Beam on Flink with "active" k8s support

Hi all,
I've been following the Jira issue on Flink "active" k8s support
(autoscaling based on task resource requirements, IIUC) and there has been
a lot of activity there lately.  There are two design docs [2][3] from
different teams and it seems like some good collaboration is going on to
reconcile the differences and get the feature implemented.

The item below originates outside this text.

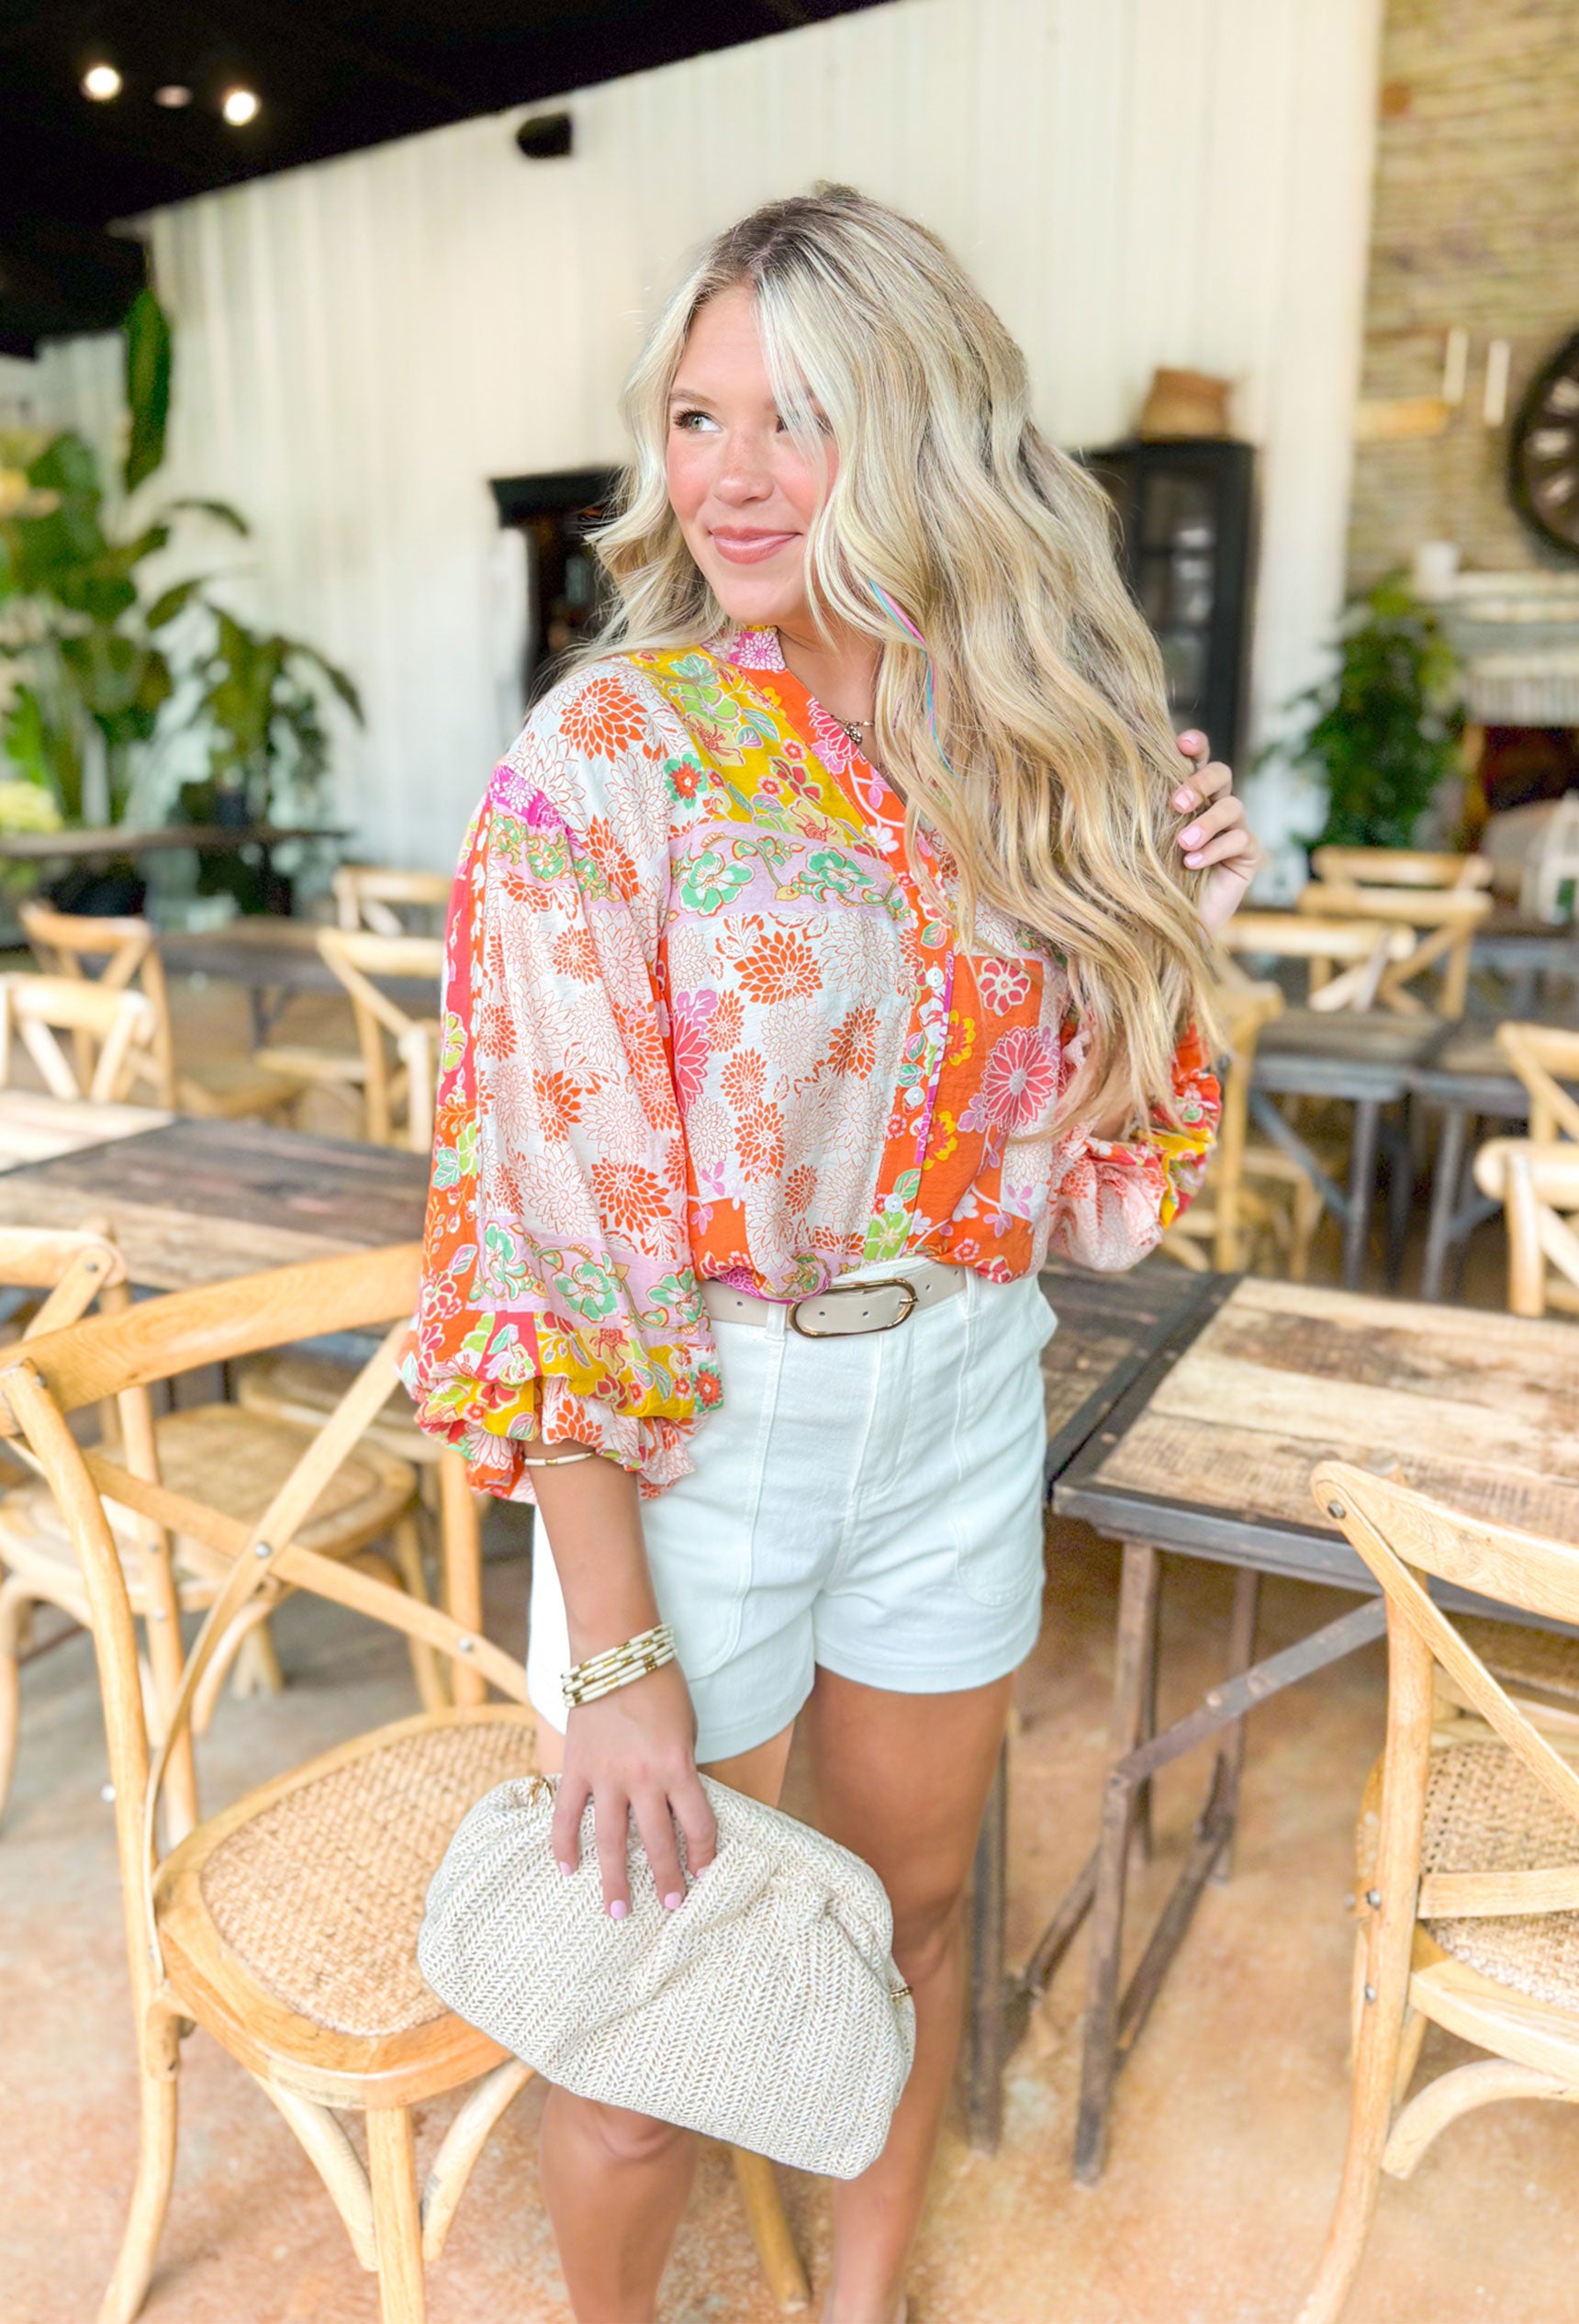 Spring Dream Floral Blouse, blouse quarter length sleeve button down with floral print in the colors orange, cream, yellow, green, and hot pink

At the Beam Summit I saw the great presentations by Thomas and Micah on the
work that Lyft has been doing to run Flink and Beam on k8s.  I'm curious if
these various features and approaches can be made to work with each other,
and if so, what it would take to do so.

thanks,
-chad

[1] https://issues.apache.org/jira/browse/FLINK-9953
[2]
https://docs.google.com/document/d/1-jNzqGF6NfZuwVaFICoFQ5HFFXzF5NVIagUZByFMfBY/edit
[3]
https://docs.google.com/document/d/1Or1hmDXABk1Q3ToITMi0HoZyHLs2nZ6gk7E0y2sEe28/edit#heading=h.ubqno6n4vwrl

Re: Beam on Flink with "active" k8s support

Posted by Thomas Weise <th...@apache.org>.

Hi Chad,

Thanks for bringing up this discussion. I think for most of it the Flink
list would be the better suited place, but given that there are more and
more Beam users interested to deploy on Beam on Flink on k8s, I will leave
the placement to you ;-)

As for the differences between FlinkK8sOperator and the proposals that you
linked, the motivation section in [2] covers that a bit. With
FlinkK8sOperator the deployment indeed looks more or less like "any other
k8s deployment". Within the Lyft infrastructure it is also automated
through the CI and there is a bit of tooling for development so it is
usually not necessary to work with kubectl. Flink cluster deployment
specifics and other details are encapsulated in the operator. This was a
deliberate choice based on our experience of previously running Flink in a
way that exposes too many deployment details to the user. FlinkK8sOperator
instead provides the control plane that should allow users to focus on
their application (vs. how it is being deployed). An important
consideration are upgrades, so an "application" is really a sequence of
jobs. Please see state machine:

https://github.com/lyft/flinkk8soperator/blob/master/docs/state_machine.md

Since I'm not interested to work with flink command line to manage
production environments, making Flink on k8s look like Flink on Yarn or any
other Flink would be a non-goal.

The more interesting part is the active resource management; I suspect you
were thinking of that? Currently all TM pods have the same size and they
are allocated upfront. Rescaling a Flink job requires the update management
FlinkK8sOperator provides. The job needs to be stopped with a savepoint and
restarted with changed parallelism (because that's how Flink works at its
core). That would not change, even if the job was to (actively) manage the
k8s resources. Dynamic scaling with the operator would mean that a
parallelism configuration change would be triggered automatically.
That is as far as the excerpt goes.